== TASK ITEM ==
If pictures appear among the lines below, leave them out while you return exactly the lines from the one with "print-display-rates" through the one with "Activities, Fitness Center/Facilities".

== RECORDS FOR THE EXERCISE ==
- - -

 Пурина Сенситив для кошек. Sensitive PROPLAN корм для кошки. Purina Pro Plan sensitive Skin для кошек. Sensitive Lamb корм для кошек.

- - -

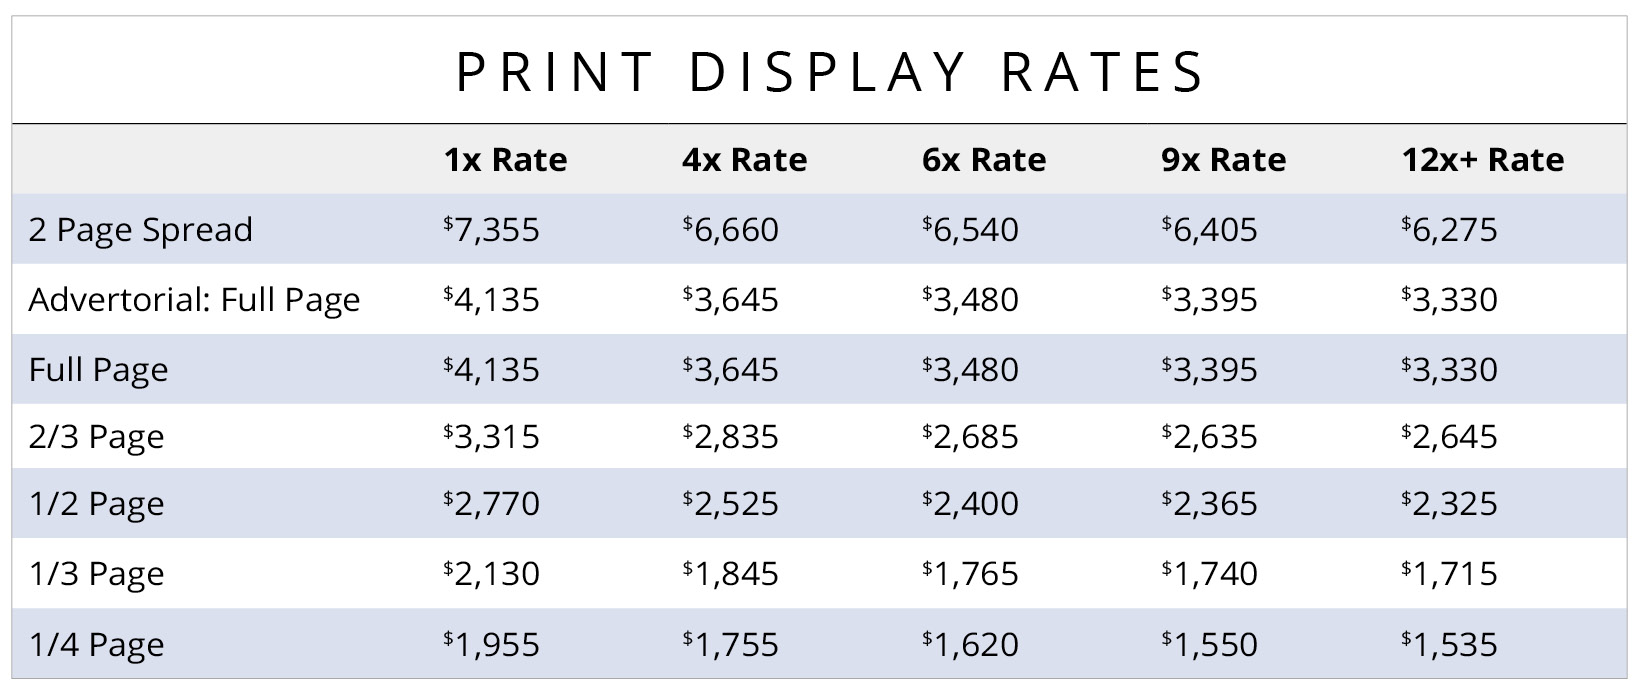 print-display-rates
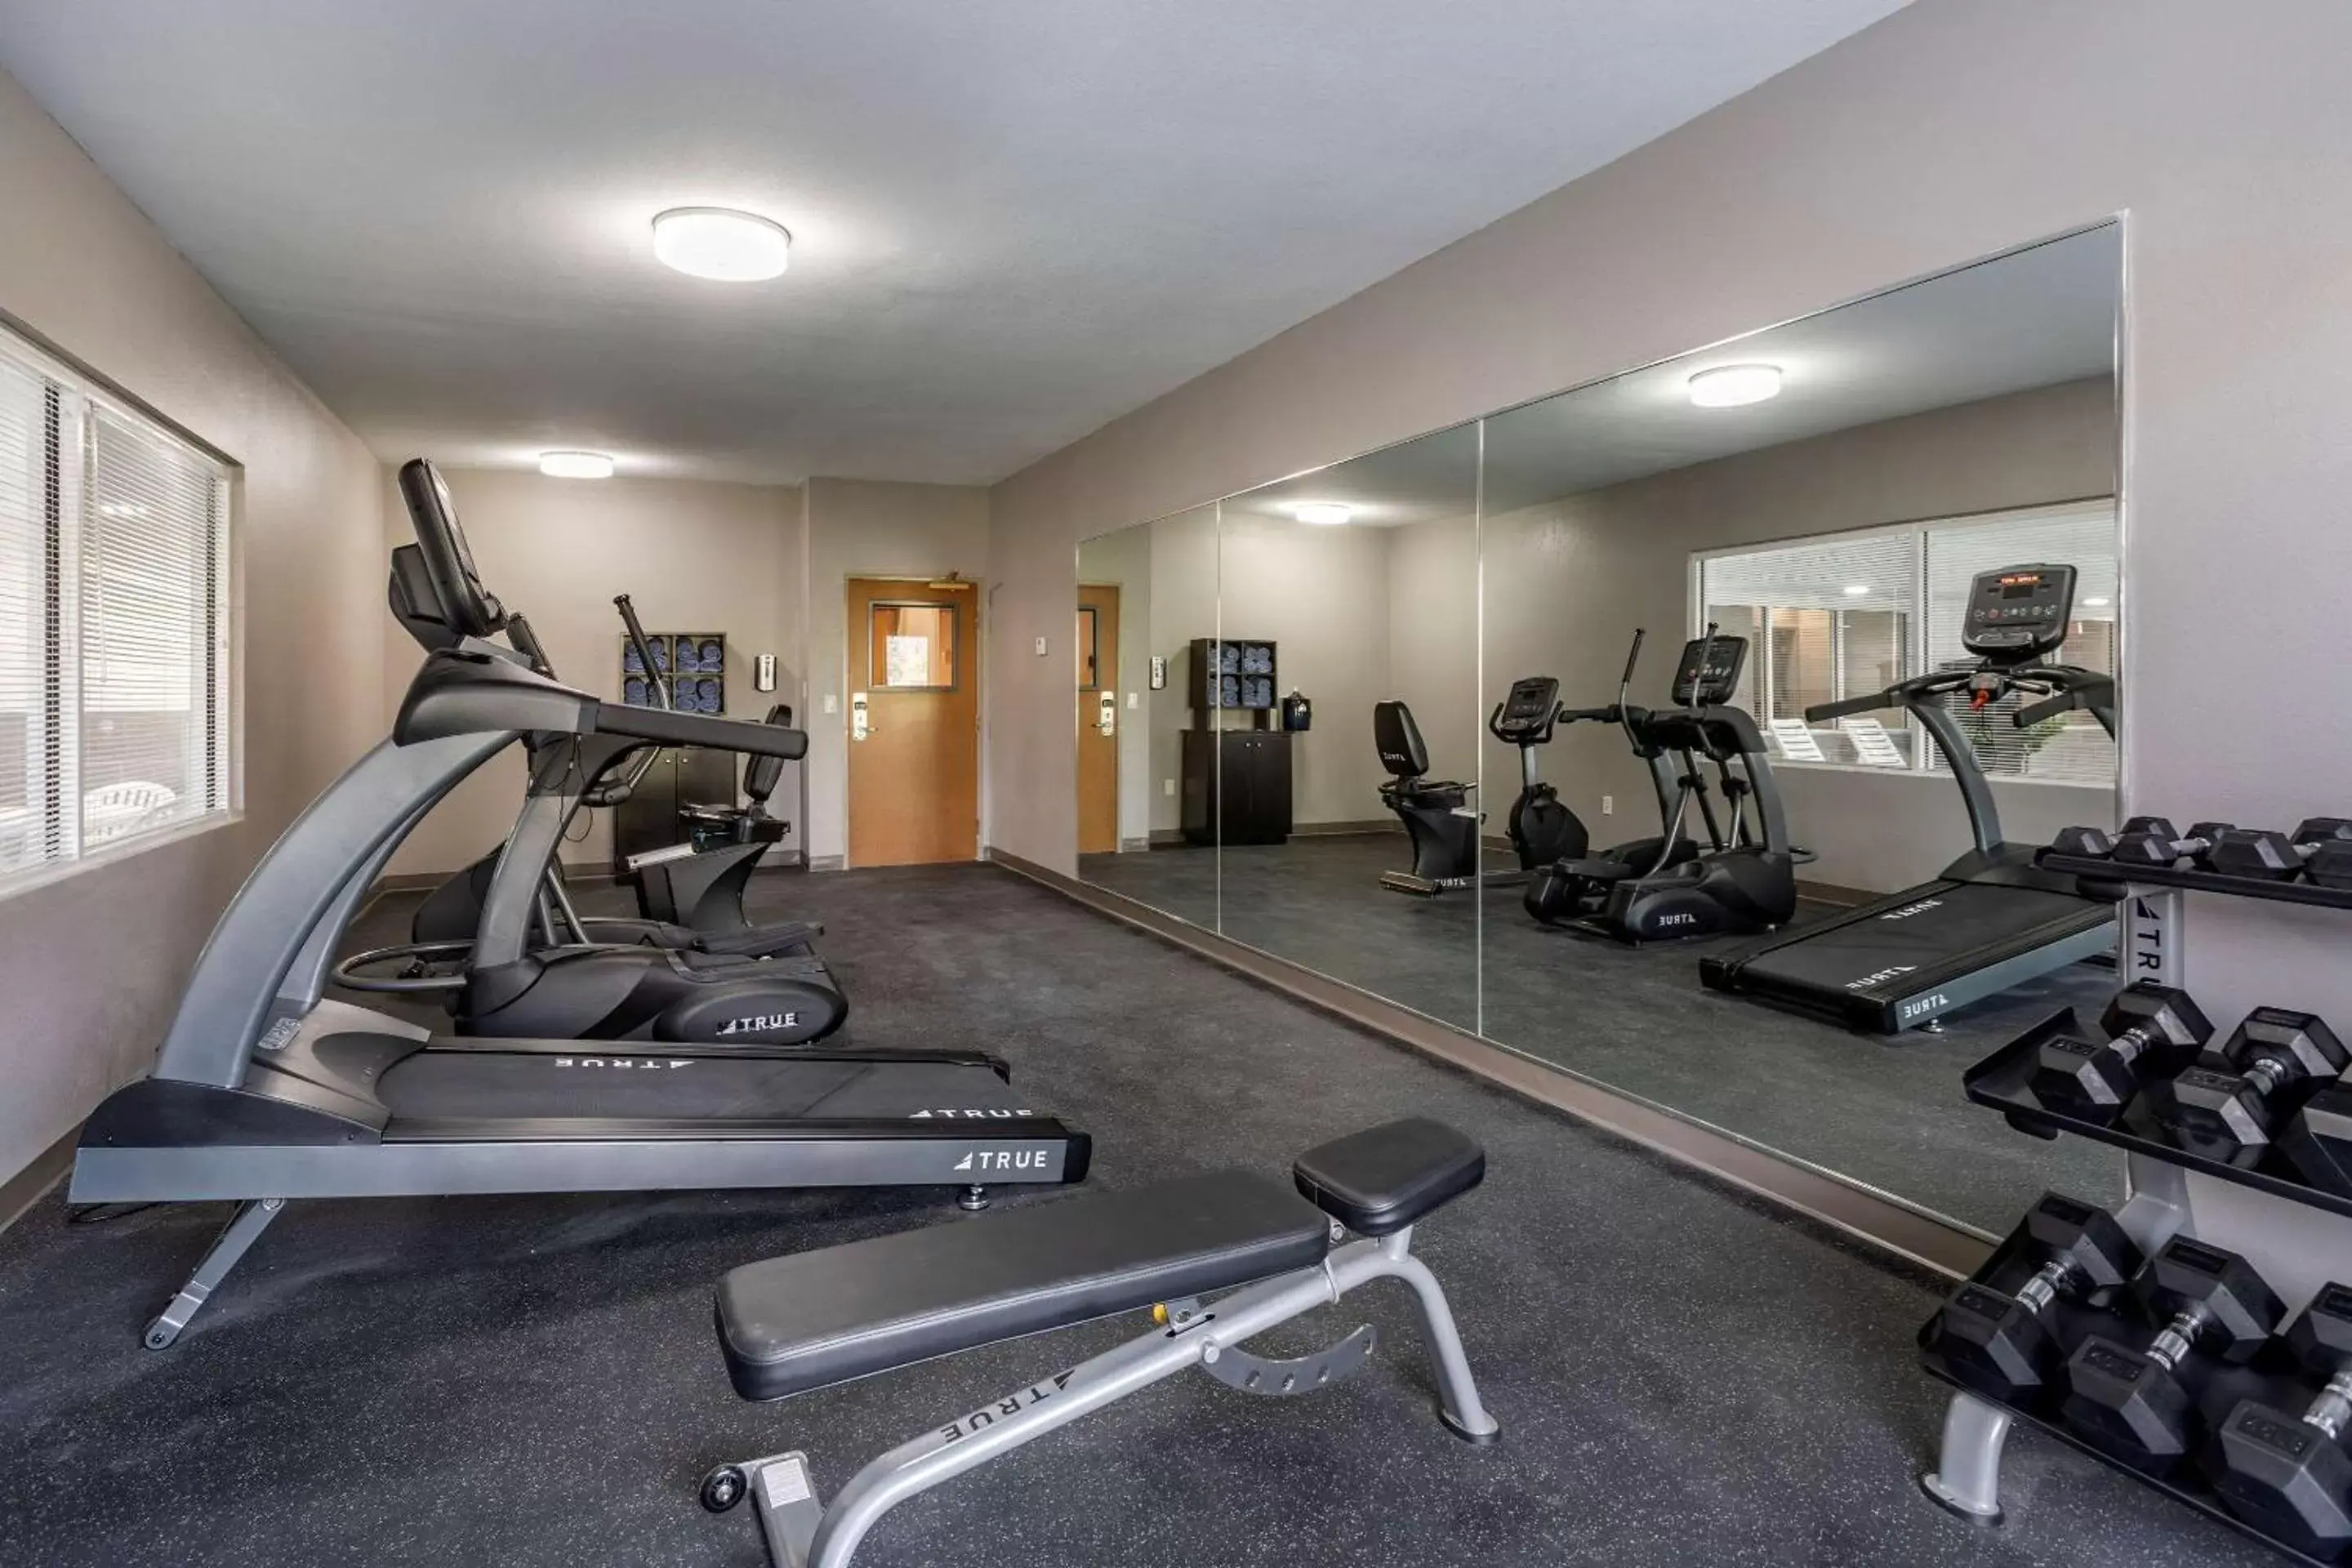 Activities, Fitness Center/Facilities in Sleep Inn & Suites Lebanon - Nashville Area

- - -

== RESPONSE FOR THIS EXERCISE ==
 print-display-rates
 Activities, Fitness Center/Facilities in Sleep Inn & Suites Lebanon - Nashville Area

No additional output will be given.